Between March 1818 and 1 July she underwent repairs and fitting for sea duty. In April Captain John Richard Lumley commissioned her. He then sailed her to the East Indies.

On 19 October 1819, Topaze arrived at Mauritius from Ceylon with a number of crew ill from an unknown disease resembling cholera. The local authorities permitted the crew to land and the landing of the ill, bypassing quarantine. By 18 November the disease had spread to the local population. The locals deserted Port Louis and demanded that Topaze sail for the Seychelles to wait out the storm season there. Lumley initially refused, but by January assented. Topaze returned to Mauritius in April, and was put into quarantine, though the epidemic had passed, and there was repaired and thoroughly disinfected.

Topaze finally saw action in December 1820 at Mocha, Yemen. The British East India Company (EIC) government at Bombay had demanded redress for harm to British interests at Mocha from the Imaun of Senna. They were unsuccessful so the Governor-General of India authorized the sending of a squadron to Mocha. The EIC sent their Resident at Bushire, a Captain Bruce, as their Agent to negotiate, and to inform the local authorities at Mocha that a squadron was to follow. Rear-Admiral Sir Richard King, the commander-in-chief on the Royal Navy's East Indies Station, sent Lumley in Topaze, as overall commander. (Note: Yonge gives the name of the C-in-C as Admiral Graham Moore, but this appears incorrect.) The EIC also sent vessels from its Bombay Marine, as well as a company of artillery. The EIC sent its cruisers Benares (Commander Faithful) and Antelope (Lieutenant Robson), its bomb vessel Thames (Lieutenant Elwon), and the storeship Ernaad (Lieutenant Jones).
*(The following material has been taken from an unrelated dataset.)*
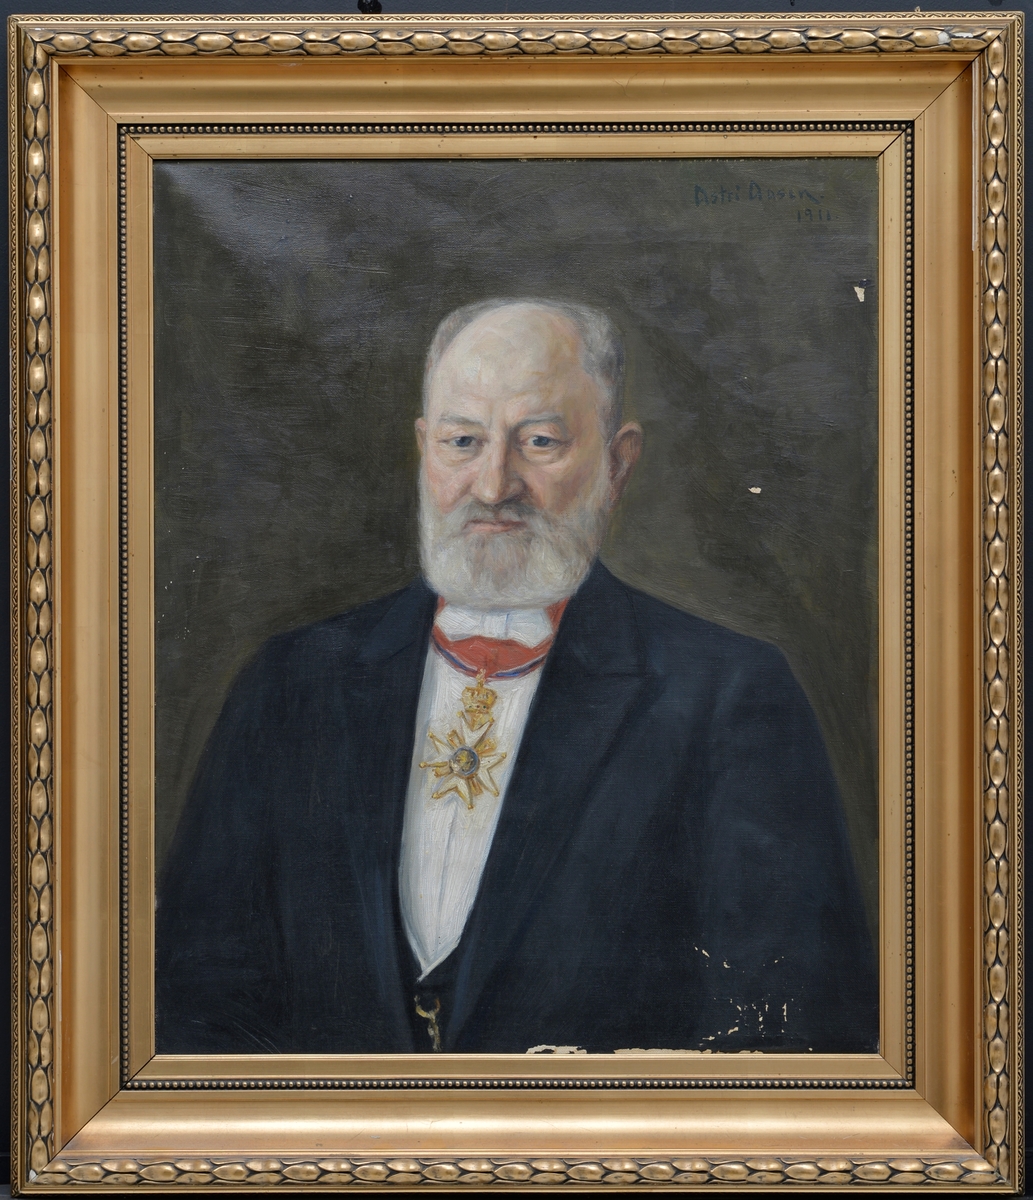 Malt portrett av Bård Iversen med St. Olavs Orden.

After a two-week voyage from Bombay, Topaze and the squadron arrived on 3 December, and bombarded Fort Taire, the North Fort the next day. A landing party attempted to storm the fort but its defenders had not left and they repelled the British. Topaze had four men killed and 16 wounded, two of whom died later. The Company had four men killed and eight wounded. Negotiations recommenced during a sequence of truces, again unsuccessfully.

On 26 December Topaze again bombarded the North Fort, this time driving out the defenders. A landing party was able to spike the guns and throw out their carriages. Between 26 and 30 December Topaze and the other vessels approached Fort Abdoufoof, the South Fort, and opened fire on the 30th. Here too they succeeded in driving out the defenders, and subsequently spiking the guns and destroying their carriages. Casualties were much lighter this time, with Topaze losing one marine killed and five wounded, and the Company having five men wounded. By 7 January 1821 the government of Mocha had acceded to the British terms.

Lumley died on 23 July 1821 as Topaze arrived at Prince of Wales' Island; his widow and infant daughter were on board at the time. He was buried at Penang.

Lumley's replacement was Commander J.L. Curry. Captain Charles Richardson replaced Curry. Richardson sailed Topaze from Penang to China. There local Chinese wounded 14 crewmen who were drawing water at Lintin Island. Cannon fire from Topaze killed two Chinese. Consequently, the Chinese expelled the British factory at Canton, and the EIC's ships in the Bocca Tigris also had to leave. Matters were settled in early 1822. Richardson then sailed Topaze back to India.

In May 1822 Commander Price Blackwood (acting) replaced Richardson. Topaze was paid off in October.

Between January and February 1823 Topaze underwent fitting as a receiving ship for Portsmouth. She then served in that role until 1850.

==Fate==
In March 1850 Topaze became a target for HMS Excellent. Topaze was finally broken up in December 1851.